Minister of Home Affairs
- In office 1979–1984
- Preceded by: Peter Mmusi
- Succeeded by: Englishman Kgabo

Member of the National Assembly
- In office 1974–1984

Personal details
- Born: 18 June 1924 Kanye, Bechuanaland

= Kebatshabile Disele =

Motswana politician

Kebatshabile Lorato Disele was a Botswana politician. She was jointly the first female member of the National Assembly, serving from 1974 to 1984. She also served as Minister of Home Affairs from 1979 to 1984.

==Biography==
Disele was born in Kanye in June 1924. She attended Kanye primary school between 1930 and 1941, and then Tigerkloof Institute in South Africa from 1942 to 1948. In 1949 she married Kago Disele, with whom she had four children. She briefly worked as a teacher in 1952 and then as a clerk from 1957 to 1964. She joined the post office in 1964, initially as a part-time postmistress. After a spell as an accounts assistant from 1966 to 1967, she reverted to being a postmistress until 1972 when she became deputy controller of the Post Office Savings Bank.

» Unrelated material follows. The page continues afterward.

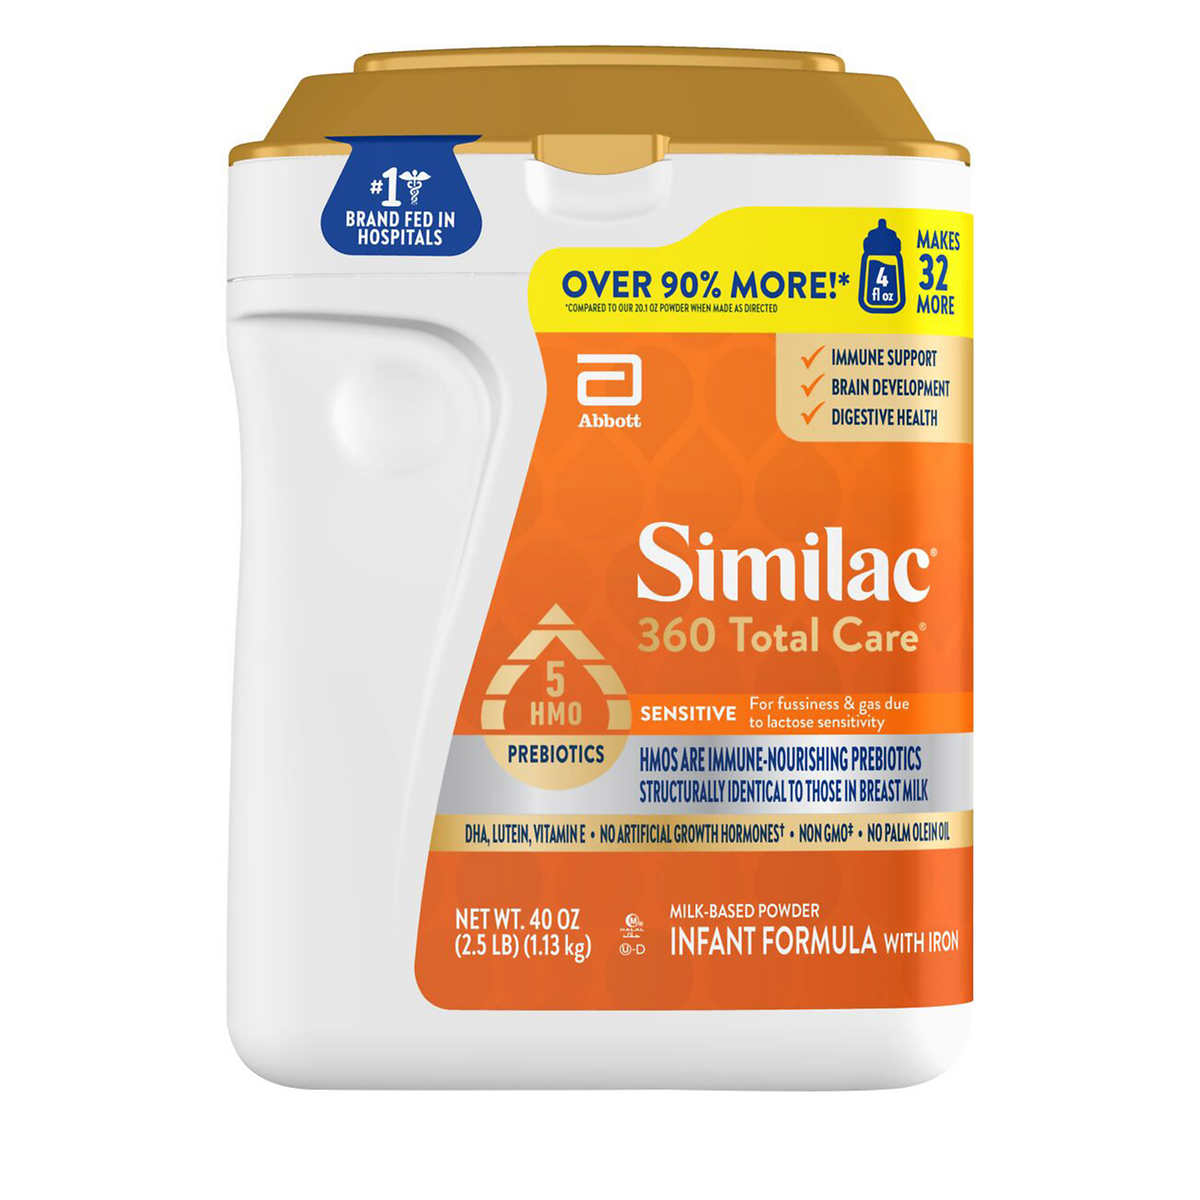 Similac 360 Total Care Sensitive 5 HMO's, Non-GMO Infant Formula Powder, 40 Oz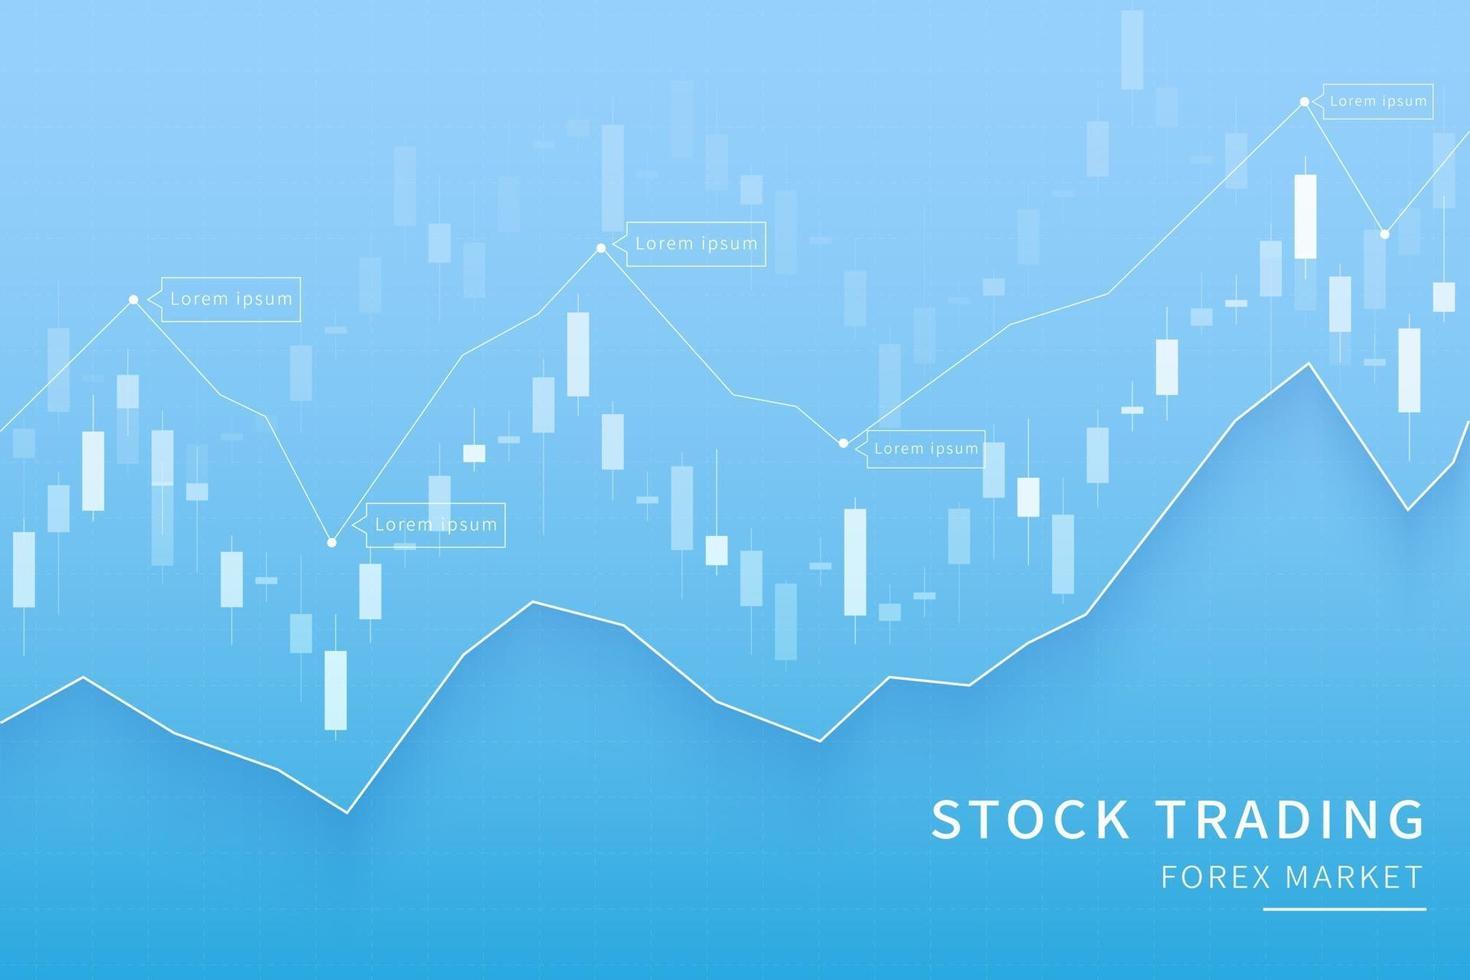 ljusstake diagram i finansmarknaden illustration på blå bakgrund vektor

Following the 1974 general elections Disele was one of two women indirectly elected to Parliament alongside Gaositwe K. T. Chiepe. A member of the Botswana Democratic Party, she was re-elected following the 1979 elections, after which she was appointed Minister of Home Affairs. She remained an MP and minister until 1984. She contested the Ngwaketse South constituency in the 1984 elections, losing to the Botswana National Front candidate.